We have a blog app that pulls from a posts
table that looks like this:
CREATE TABLE `posts` ( `id` bigint(20) NOT NULL AUTO_INCREMENT, `body` text, `author_id` bigint(20) NOT NULL, `coauthor_id` bigint(20) DEFAULT NULL,
PRIMARY KEY (`id`),
KEY `index_posts_on_author_id` (`author_id`), KEY `index_posts_on_coauthor_id` (`coauthor_id`) ) ENGINE=InnoDB DEFAULT CHARSET=utf8
Our app is doing really great and there are over 100 million rows in the posts
table. Unfortunately, the coauthor feature wasn’t as popular as expected and is rarely used:
mysql> SELECT COUNT(*) FROM posts WHERE coauthor_id IS NOT NULL; +----------+ | COUNT(*) | +----------+ | 159286 | +----------+ 1 row in set (0.04 sec)
Only about 0.01% of the posts have a coauthor, leaving 99.9% of the rows NULL. When MySQL calculates index statistics, the coauthor_id
index comes back with extremely low cardinality: only 29!

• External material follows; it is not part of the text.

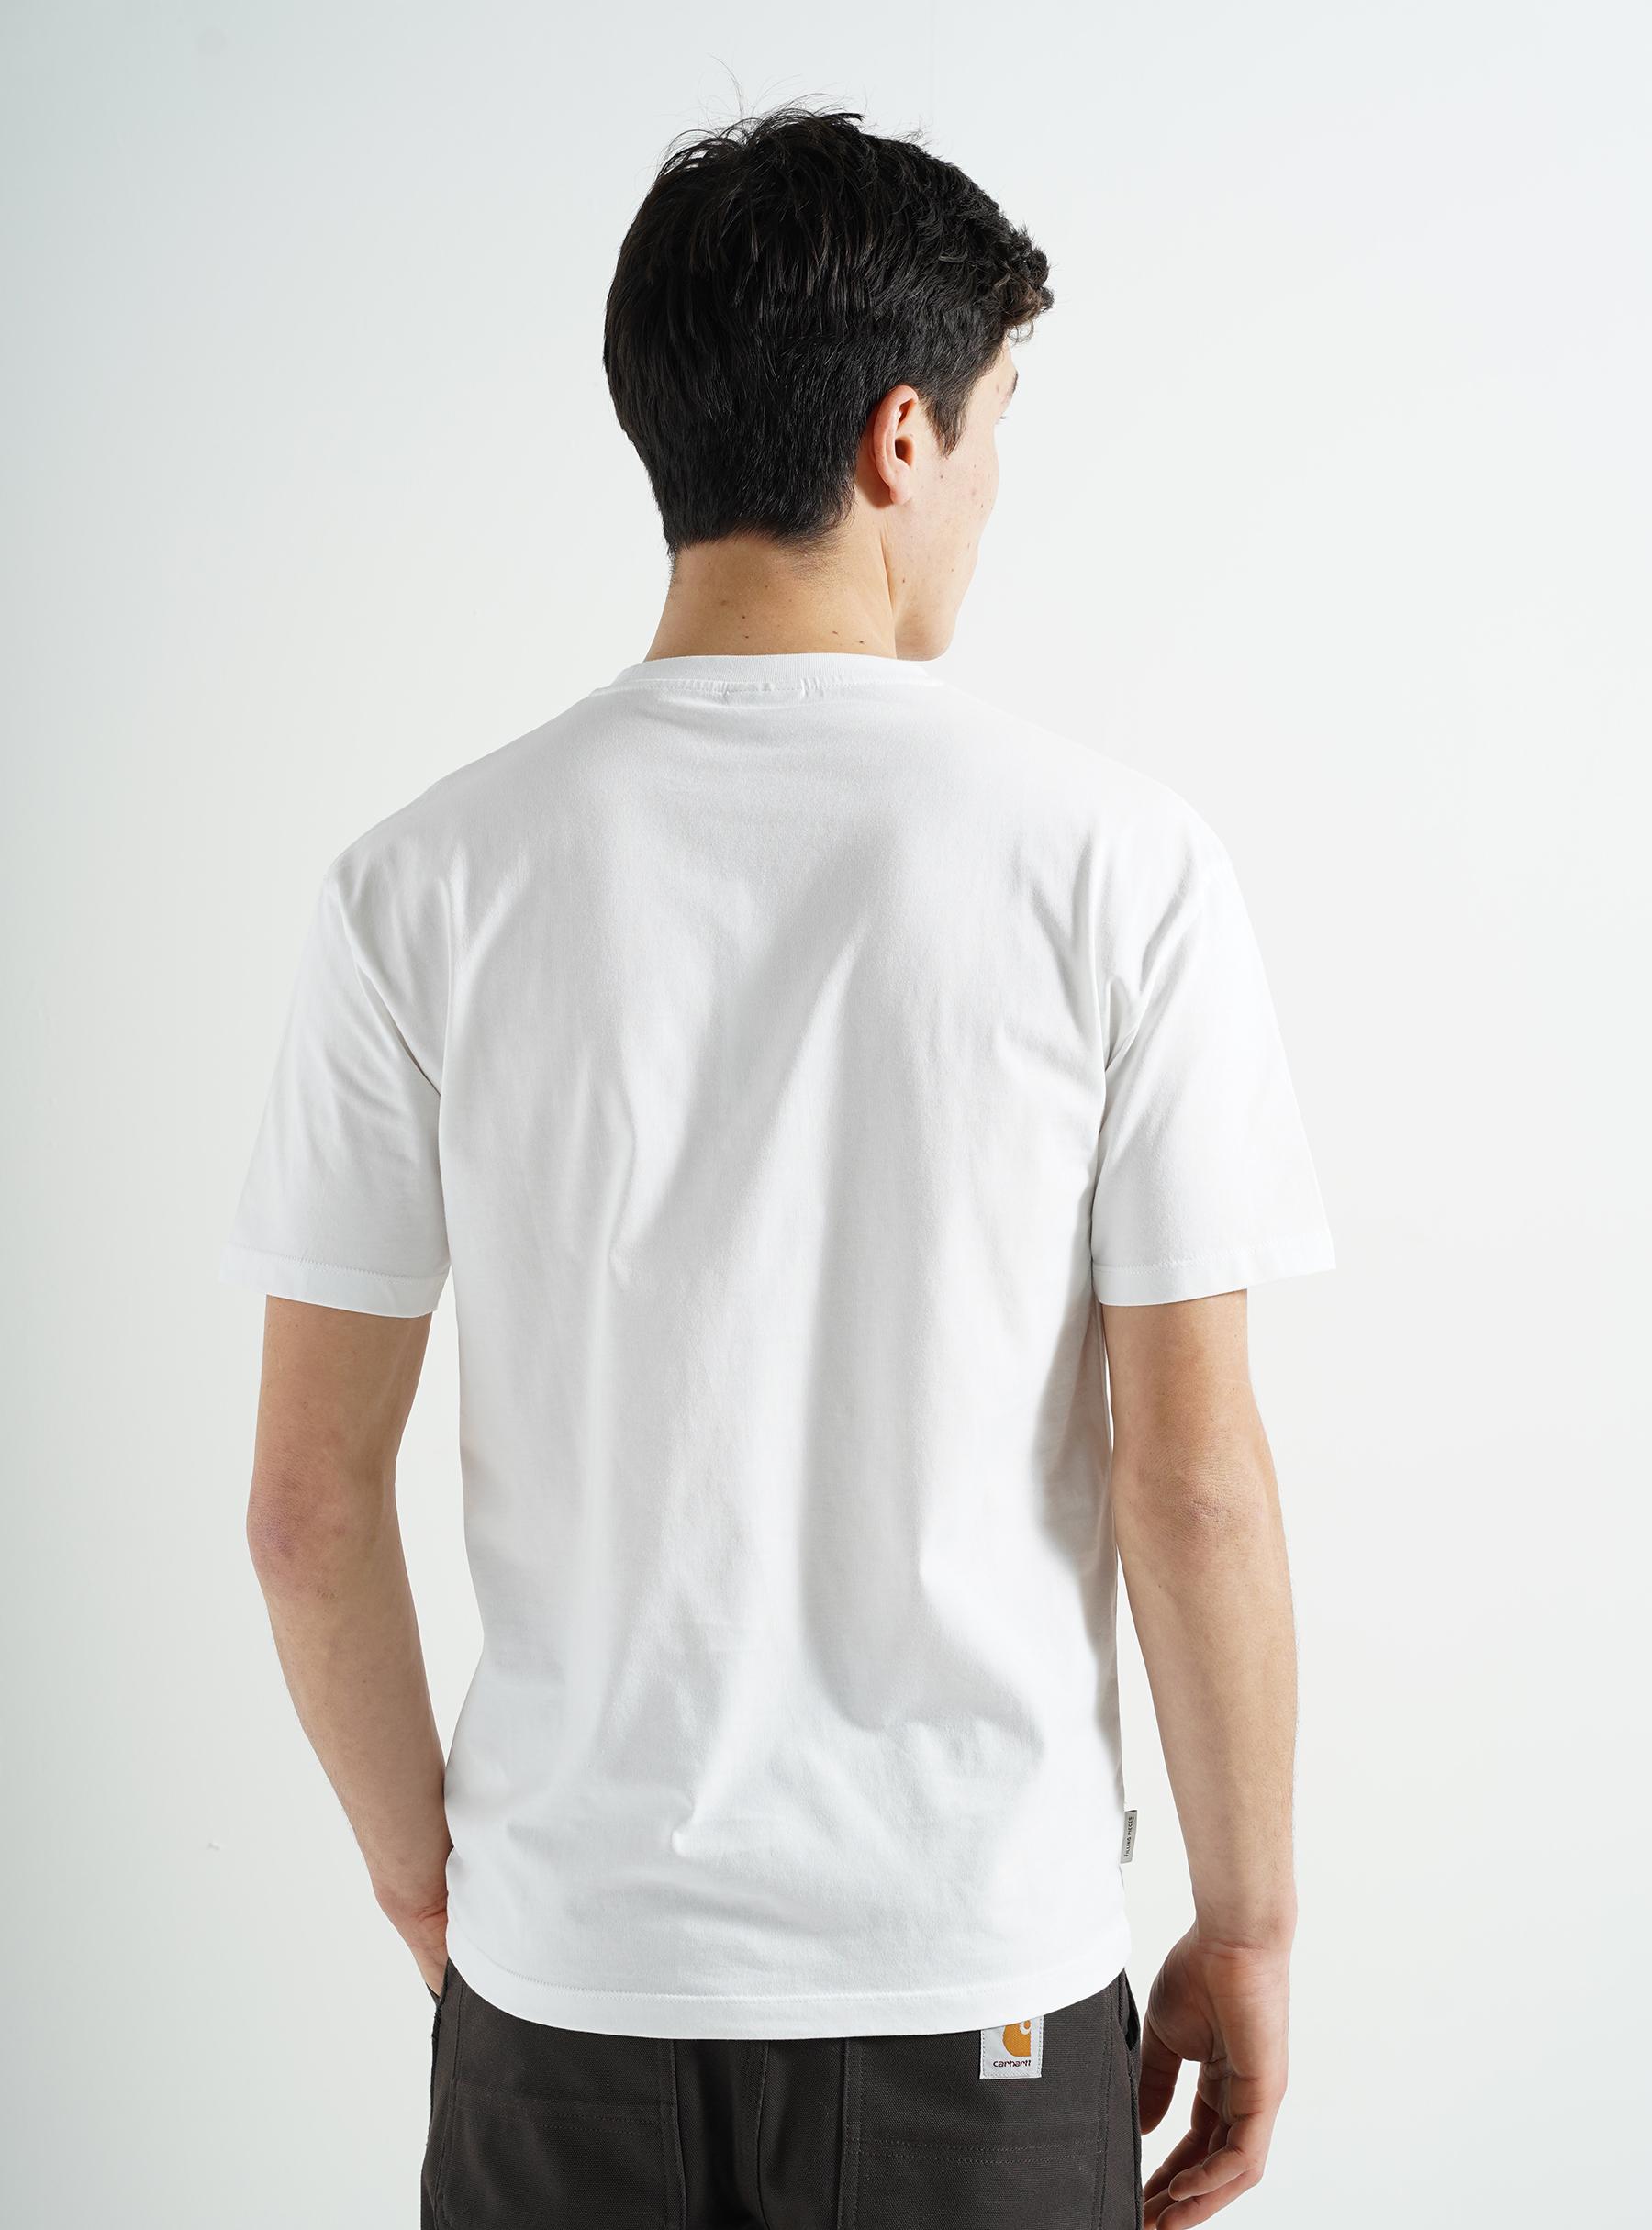 T-shirt Slim White 74434001901

mysql> show indexes from posts; +-------+------------+----------------------------+--------------+------------- +-----------+-------------+----------+--------+------+------------+--------- +---------------+ | Table | Non_unique | Key_name | Seq_in_index | Column_name | Collation | Cardinality | Sub_part | Packed | Null | Index_type | Comment | Index_comment | +-------+------------+----------------------------+--------------+------------- +-----------+-------------+----------+--------+------+------------+--------- +---------------+ | posts | 0 | PRIMARY | 1 | id | A | 112787604 | NULL | NULL | | BTREE | | | | posts | 1 | index_posts_on_author_id | 1 | author_id | A | 2891989 | NULL | NULL | | BTREE | | | | posts | 1 | index_posts_on_coauthor_id | 1 | coauthor_id | A | 29 | NULL | NULL | YES | BTREE | | |+-------+------------+----------------------------+--------------+------------- +-----------+-------------+----------+--------+------+------------+--------- +---------------+ 3 rows in set (0.00 sec)
When an index has such low cardinality, MySQL is less likely to use it. After all, what’s the point of an index that can eliminate very few values?
However, even with such low cardinality, the query optimizer chooses to use it when looking up posts by a coauthor:
mysql> EXPLAIN SELECT * FROM posts WHERE coauthor_id = 98543\G *************************** 1. row *************************** id: 1 select_type: SIMPLE table: posts type: ref possible_keys: index_posts_on_coauthor_id key: index_posts_on_coauthor_id key_len: 9 ref: const rows: 2 Extra: NULL 1 row in set (0.00 sec) mysql> SELECT * FROM posts WHERE coauthor_id = 98543; +----------+--------------+-----------+-------------+ | id | body | author_id | coauthor_id | +----------+--------------+-----------+-------------+ | 21168595 | Lipsum Lorem | 1 | 98543 | | 25695860 | Lipsum Lorem | 99833 | 98543 | +----------+--------------+-----------+-------------+ 2 rows in set (0.01 sec)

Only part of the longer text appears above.